229 responses to “Flash Fiction Challenge: Just The Opening Line”

  1. I had a vague notion that jumping off of a fifty-foot wall to attack a twelve-foot tall Troll may not have been the smartest idea I’ve ever had, but I wasn’t going to let a little thing like that stop me.

  2. Somewhere in between running for my life in little more than my cabana wear through a heavily secured fortress, I forgot to look for important things like not teleporting myself into a concrete wall.

  3. “I was standing by the frozen lake when she came out of the mist, her head surrounded by a golden halo.”

    OK, now I have to go and write the story that goes along with this!

  4. He was nine when he watched his father die, brawling with the other men of Llangennith for beach salvage like dogs over a carcass, and he grinned madly as the man he knew as “Da” fell in the surf and failed to rise.

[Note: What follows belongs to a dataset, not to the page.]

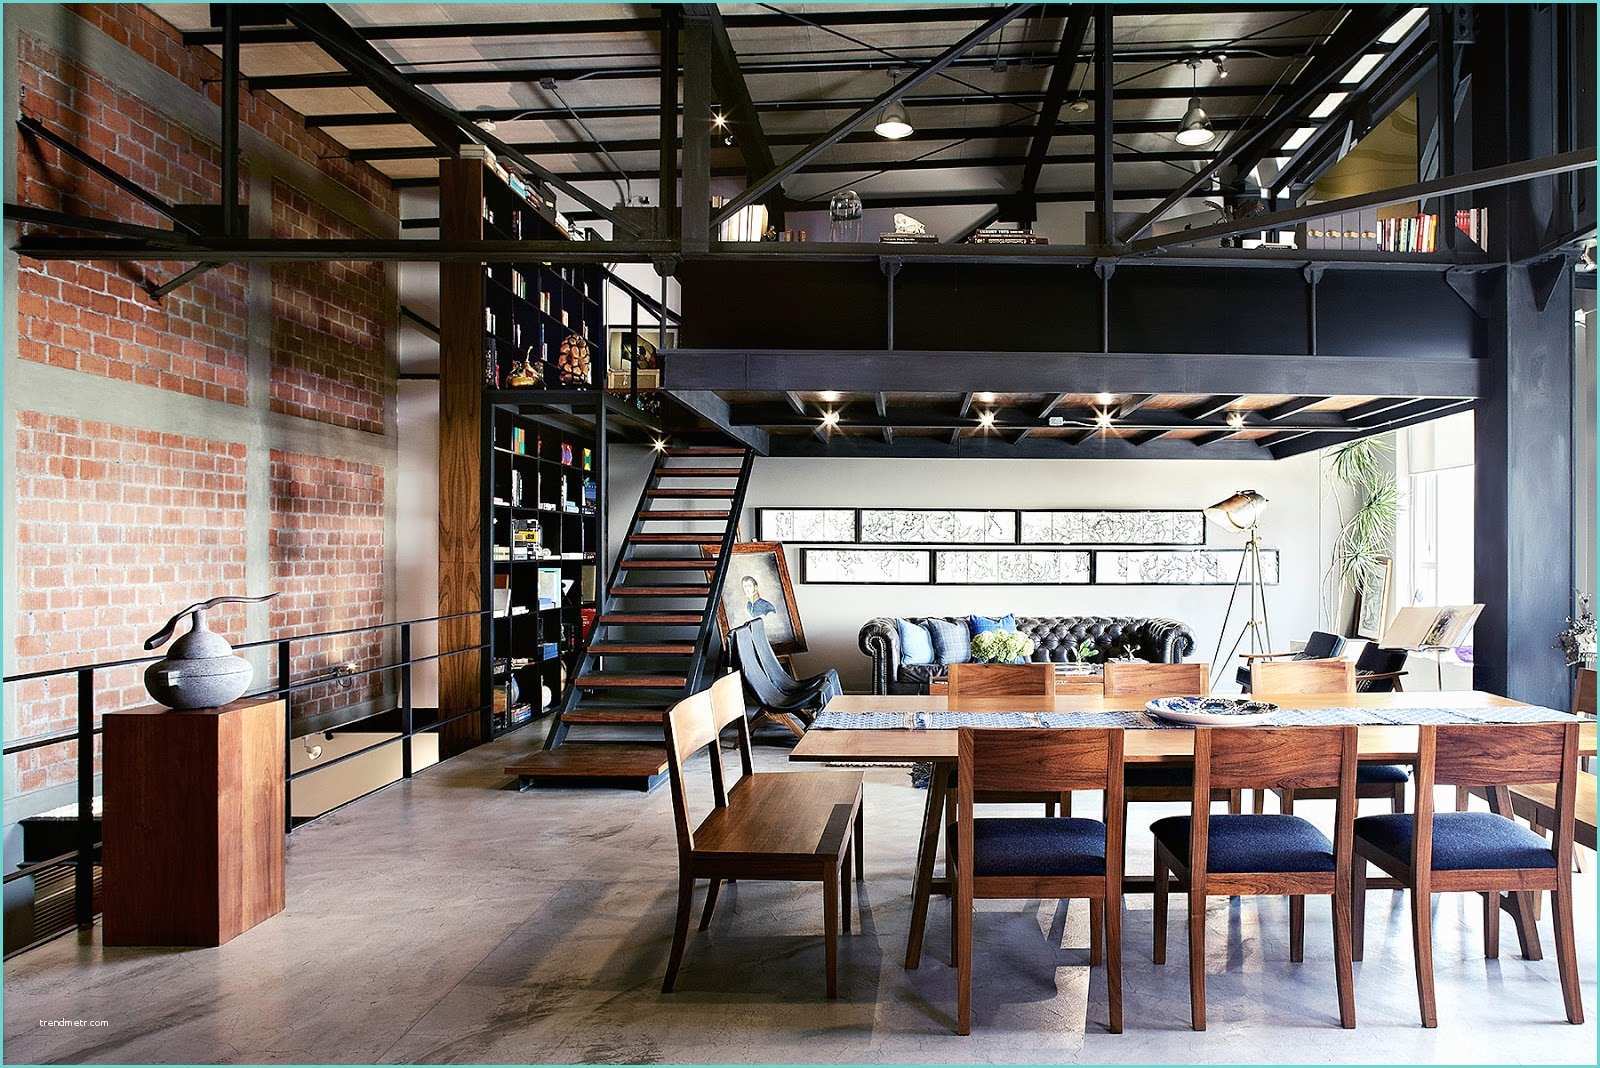 Studio Di Interior Design Un Loft In Stile Industriale In Messico Coffee Break
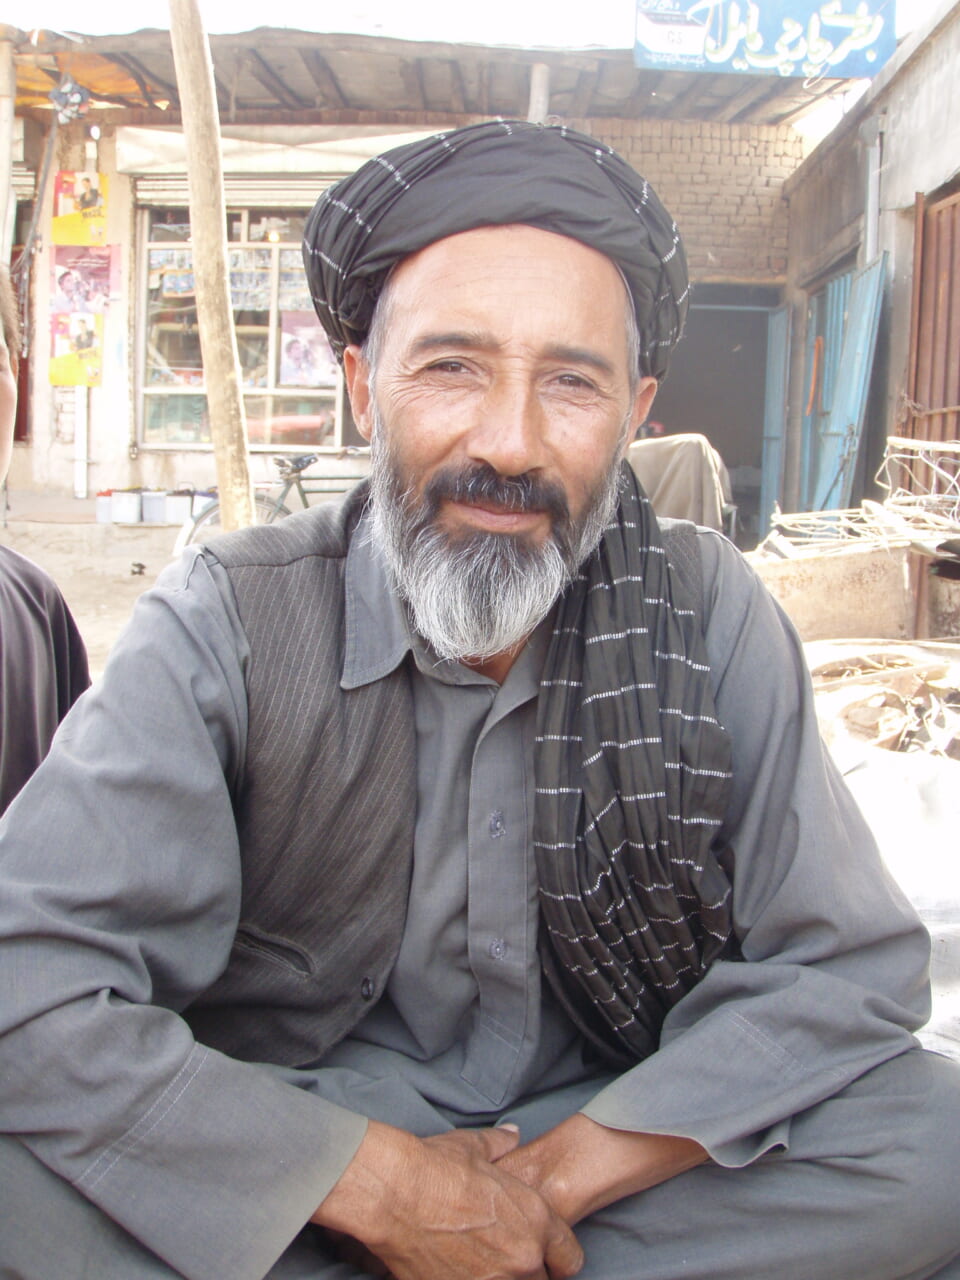 「アフガニスタンには、いい表情をした誠実な人が多い」と高野さん。

  5. One of the downsides to living in the digital age, as opposed to the forties, is the fact that a laptop computer and a cell phone with voice mail can do everything a secretary can–except make coffee, screen clients, and fill out a skirt.

  6. The most significant image in my memory – the most prominent, outstanding, strange and wonderful image – was the last thing I can remember seeing before I died.

  7. He looked more like an avenging angel of God than a young computer hacker as he strode through the smoke and flames to sweep me up in a single fluid motion without saying a word.

  8. *typo in the first one*

    You couldn’t really explain twelve bodies, a torched summer house, an Amber alert and four broken ribs, but Tommy had to try, for mom’s sake.

  9. *Oops. The previous was draft, here is the edited version. *

    After loosing everything last year, I never would of thought that my nightmare inspired screams of torment would change my existence again.

  10. Okay, I can deal with the two card counting Elves and the Dwarf trying to palm aces, but what really chaffed my Licensed Hero ass was the dyslexic Dragon taking up seats five, six and seven who was a better card cheat than I’ve ever been, and not knowing how to expose him without becoming a tasty snack in the process.

  11. The echo of his last shotgun blast was fading as Thor Slaymaster stepped over the broken, bleeding bodies of what had once been a minor Canadian pop group known as “Nickelback.”

  12. Connie wanted so badly to back away as she closed the iron door of the wood stove, but instead she forced herself to watch through the window until the baby’s shoes, their white canvas now stained a bright red, finally caught.